Hi. I moved from NY to BC back in June and in August my husband (who is a Naturalized Canadian citizen) and I started trying to apply for the CCTB for our girls. Emphasis on the _trying_.

We have been sending necessary paper work and letters explaining why I don't have a SIN back and forth ever since September. Every time I send something out the tax office in Surrey sends a letter back claiming I didn't send them something! Two weeks ago a woman from the Surrey Tax office called and said she'd decided to start looking into what was going on and had me fax over a copy of my passport (which they already had at least 3 copies of along with birth certificates which would explain my lack of Canadian SIN) I faxed it over on the 27th and today I received a letter in the mail- dated the 6th of this month stating yet again that I didn't give them my SIN and they needed yet another copy of something showing my citizenship and that I had failed to state my imigration status (nevermind that at the end of January I'd sent them a letter telling them that I am an imigrant from the US and I have just put in my paperwork for my permanent resident status and paperwork with birth certificates and passports!) This is getting crazy because not only have had our CCTB with held, but my husband has also had his HST checques withheld because of what's been going on in Surrey. 

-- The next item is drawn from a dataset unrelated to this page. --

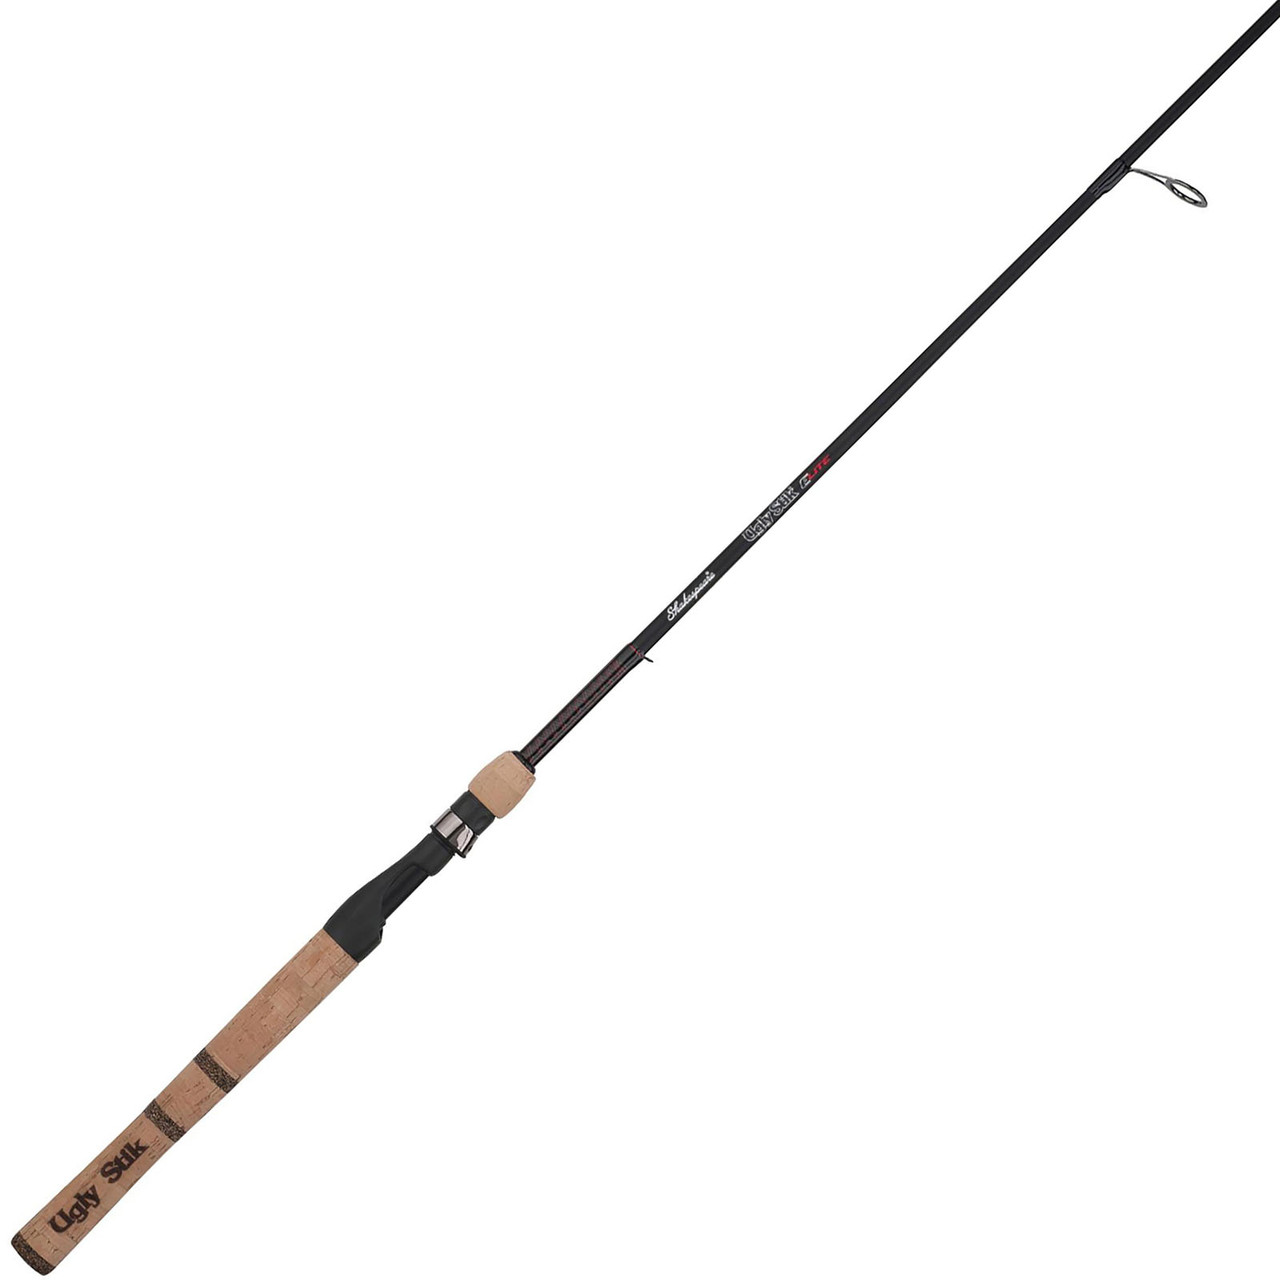 Shakespeare Ugly Stick GX2 Spinning Rod, 5 Ft, 6 Ft

After I received that letter I was quite upset (my husband would say fuming) I called the Kelowna Community Outreach Centre and the lady there had me call my MLA, the MLA's office had me call my parliment rep and they haven't called back yet. The woman at the Kelowna Community Outreach Centre said that she's had this happen to a few other people where the Surrey tax office puts them through the same thing and does everything over and over.

Needless to say I'm quite aggrivated. I'm wondering if anyone else has gone through this and if so what did you have to do to finally get your CCTB filed.


----------



## EVHB (Feb 11, 2008)

Your husband is a Canadian Citizen or Permanent Resident? And what is your CURRENT status?


----------



## G-Mo (Aug 17, 2011)

EVHB said:


> Your husband is a Canadian Citizen or Permanent Resident? And what is your CURRENT status?


They already stated the husband is a Naturalized Canadian citizen... OPs status is irrelevant.


----------



## Missplaced_NewYorker (Mar 9, 2012)

My husband was born in Canada to Canadians who were also born in Canada to Canadians I don't think you can get more Canadian than that unless you keep repeating ancestors born in Canada.  

The tax office in Surrey (from what the secretary at the Parliment rep office- I am still getting used to government stuff here) said that we are eligible, but since I am not a citizen (and I only just put in my permanent resident Visa) I can't receive the money. However my husband can since he is a citizen (I didn't even have to pay the non BC resident student fee here because my husband was born in Surrey) he _can_ collect it. However since I'm living here and I'm the mom he can't collect it. Which is part of the reason we keep being dragged in circles and asked for the same paperwork and asked the same questions over and over again.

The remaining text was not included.